Picks from diary II

November 8, 2007
Mind is disturbed slightly. I don’t know why. There are few things I always hate to face. I hate recovering money that I have to recover, I hate to listen harsh things about myself, I hate it when efforts do not reflect in results. These are the things, I always want to see happening automatically.

It is a painful process to ask for money from insurance guys. I sometimes wonder why we have it at all when they are of no help anyway.

I also dislike it when I am not interacting with many people. I have to accept that I love to be exchanging thoughts all the time with people. Of course, it is a terrible task to find people with whom you can do this. Orkut has been of no help either, coming to this realization I have chosen to remove all my pictures from that album, which I used as bait to bring more friends to myself. But I realized it wasn’t working any way. I finally thought I should give up and remove pictures from there. Assessment at workplace is another thing I really hate. I have never got awesome remarks which I always desire. I really want to put my foot on this trend. But how? My mind has become solid and nothing is coming out of the deliberation. I have to find a way to somehow make a difference.

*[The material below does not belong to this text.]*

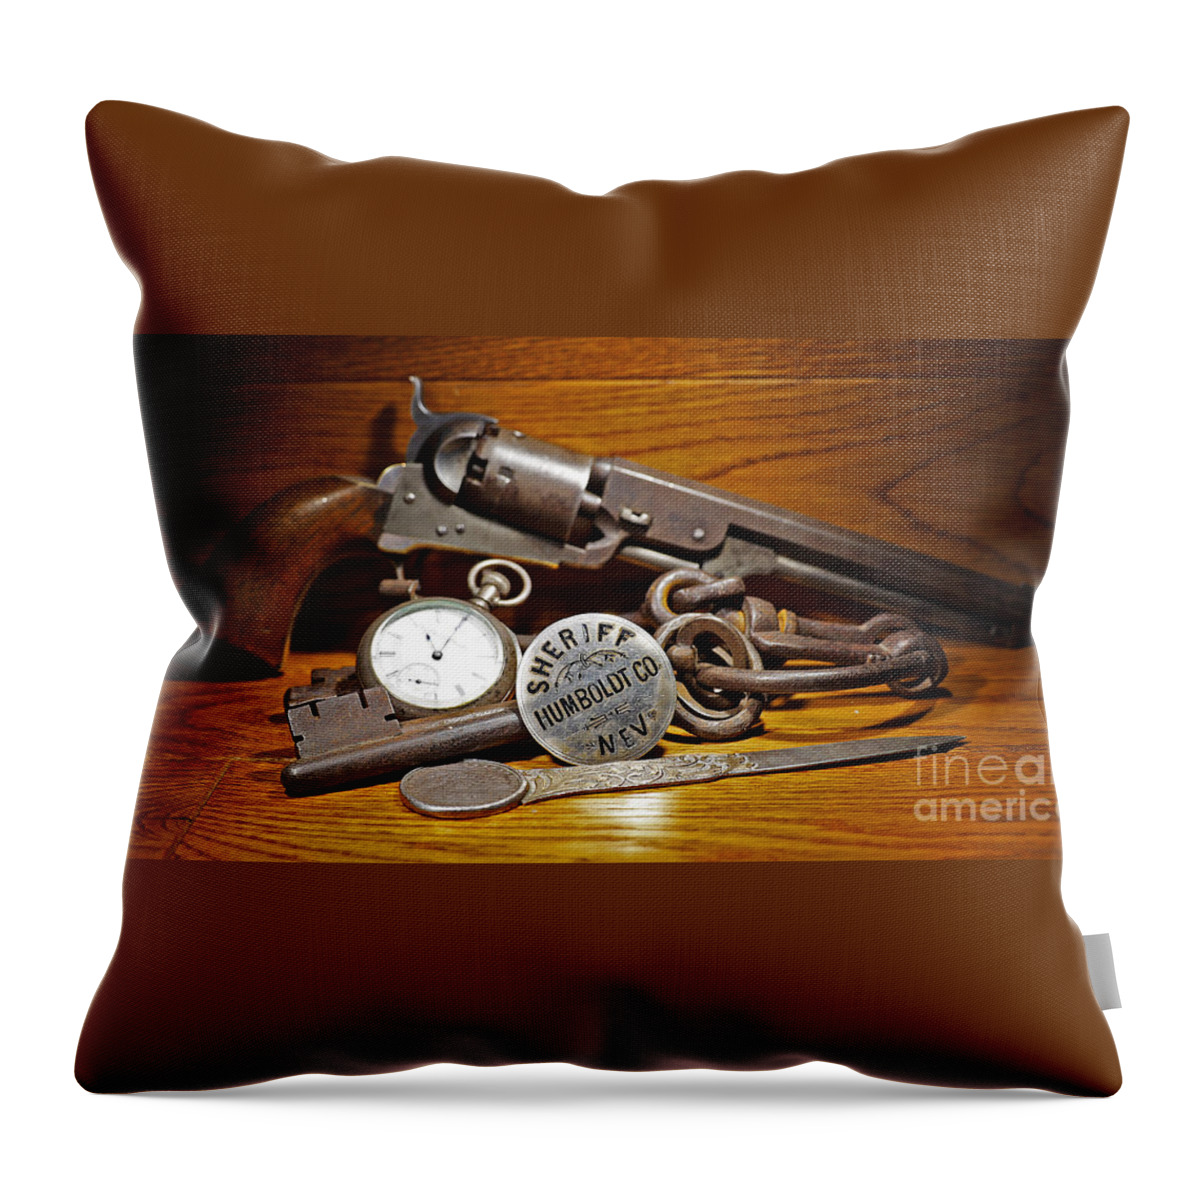 Police Throw Pillow featuring the photograph Nevada Lawman by Doug Gist

The field that I have chosen for myself is so slow and the channel through which I have to make progress is unbelievably unclear. I mean, I have made some attempts to ask some people in company to know what can be my possible next step? But no breakthrough in this understanding has been made so far. How lunatic the situation is that the HR also doesn’t seem to know how am I to progress. I fail to understand if it will be a good idea to stick to a similar profile or I deserve a change.